Alexander Brett

A Regex for validating XML text

16 September 2014

I’m currently working on version 3 of a tool to diff XML files in a content-aware manner, viz. to parse nodes and identify where two nodes are different, rather than just apply a string diff to them. A crucial part of that is that the parsing be fast and robust.

Every language there is has an XML parsing library, but often they are not as fast as I’d like, or it’s difficult to have it return a tree-structure well-suited to writing the diff algorithm, so I decided to write my own.

The route I decided to go down was a recursive regular expression capturing the node’s declaration (if any), tagName and properties, and then to extract the child nodes and pass each of them through the regex.

To start with, the possible node types are xml, text, and CDATA:

m{
  (
    \s*<!\[CDATA\[.*?\]\]>
  |
    [^<>&]+                  # Text Node
  |
    \s*<(\w+)>.*?<\/\2>      # XML Node
  )
}xs

Now let’s add support for properties, self-closing tags, and an XML declaration, and name the capture groups:

m{
  (?<outerXML>
    \s*<!\[CDATA\[.*?\]\]>
  |                          # Text Node
    [^<>&]+
  |                          # XML Node
    (?<declaration> \s*<\?.*?\?>)?
    \s*<
    (?<tagName>     \w+)
    (?<properties>  [^>]*?)
    (                        # tag is self-closing...
      \/>
    |                        # ...or has content
      >.*?<\/\g{tagName}>
    )
  )
}xs

This is great and kind of works ok, but it does fall down when it meets a construct like <a><a><a></a></a><a></a></a><a></a> thanks to not being intelligent about searching for a tag’s inner XML - we can fix this by using Perl’s crazily powerful recursive (?0) syntax.
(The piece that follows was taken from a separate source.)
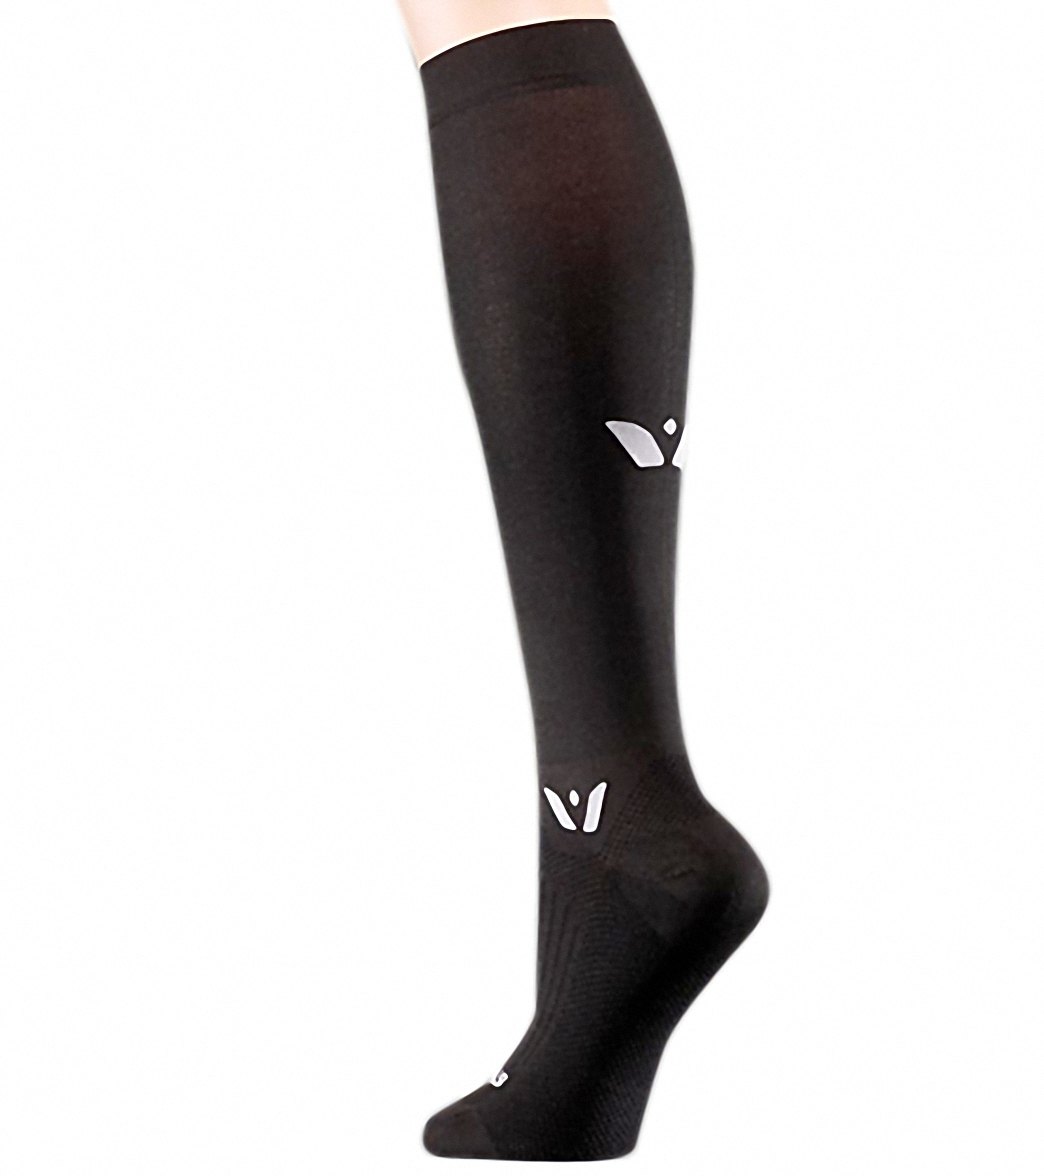 Swiftwick Aspire Twelve Compression Running Socks - Black Medium Size Medium - Swimoutlet.com
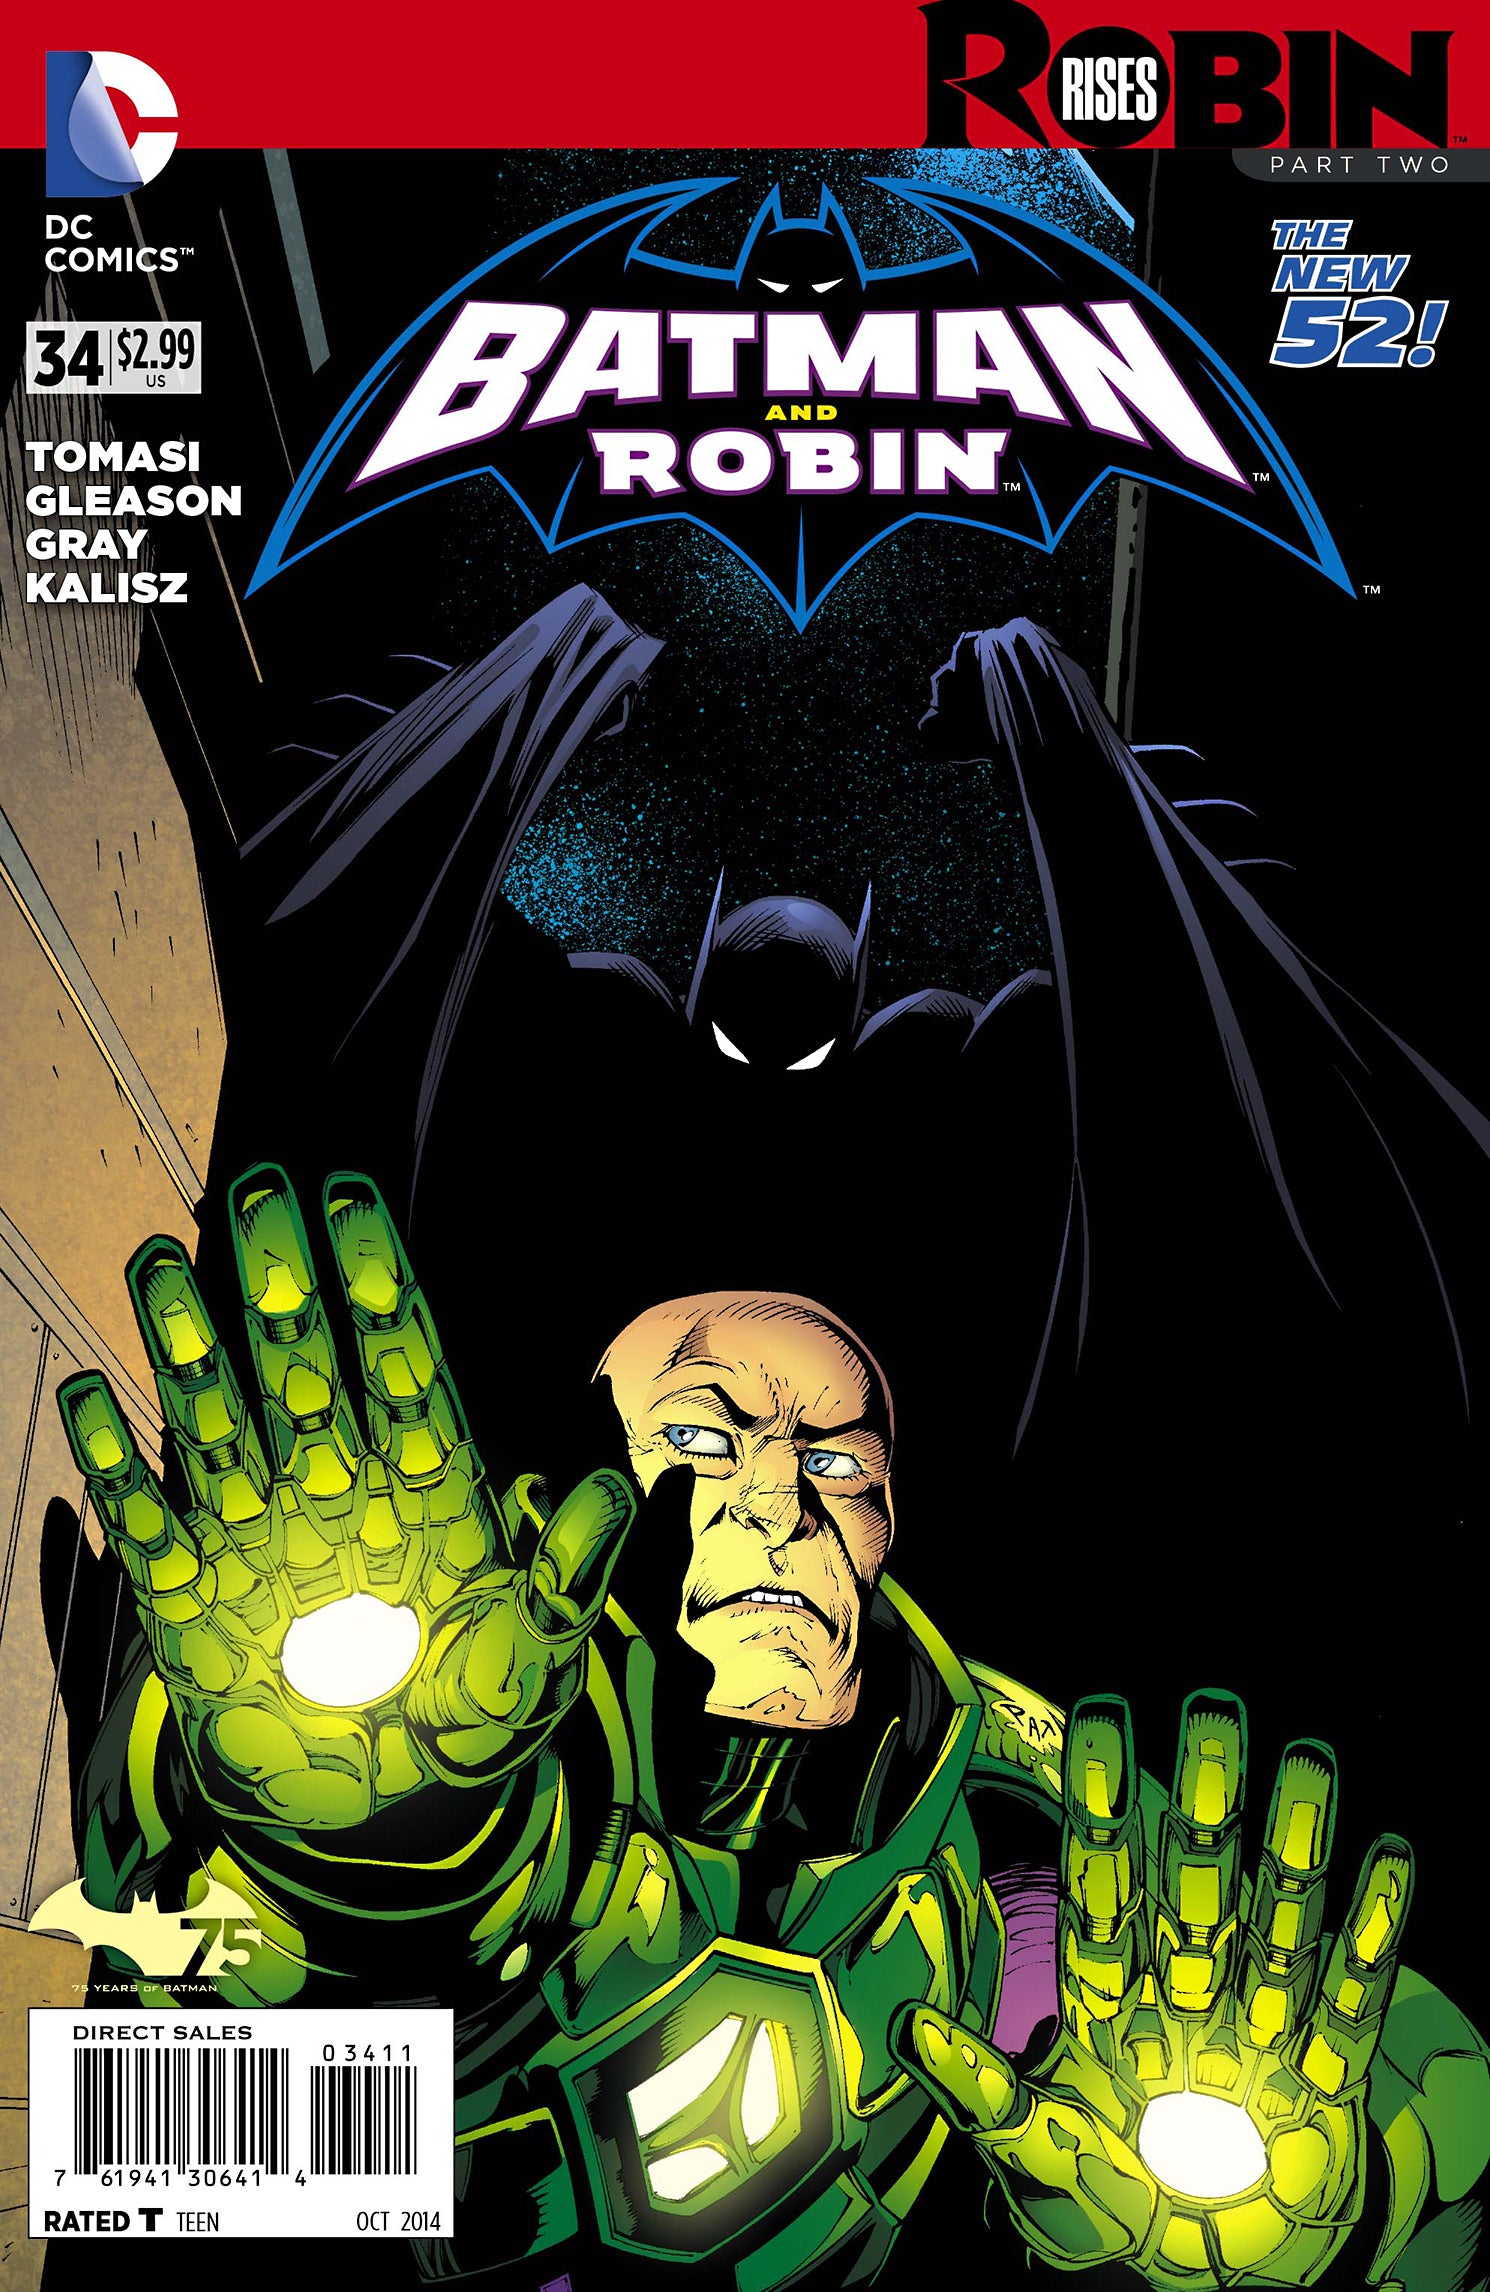 BATMAN AND ROBIN #34 (ROBIN RISES) | Game Master's Emporium (The New GME)

The other downside of this regex as written is that it isn’t fast at all - feed it a few thousand lines of XML and it’ll really struggle. Fortunately, we can use another powerful perl regex feature, the atomic group (?> ... ). This speeds up the match by an order of magnitude for large files. The final version is this:

m{
  (?<outerXML>
    (?>
      \s*<!\[CDATA\[.*?\]\]>
    |                          # Text Node
      [^<>&]+
    |                          # XML Node
      (?<declaration> \s*<\?.*?\?>)?
      \s*<
      (?<tagName>     \w+)
      (?<properties>  [^>]*?)
      (?>                      # tag is self-closing...
        \/>
      |                        # ...or has content
        >
        (?<innerXML> (?0)*\s* )
        <\/\g{tagName}>
      )
    )
  )
}xs

It happens that although this regex is a way of extracting data from an XML node, it also only matches valid XML, in a speedy way.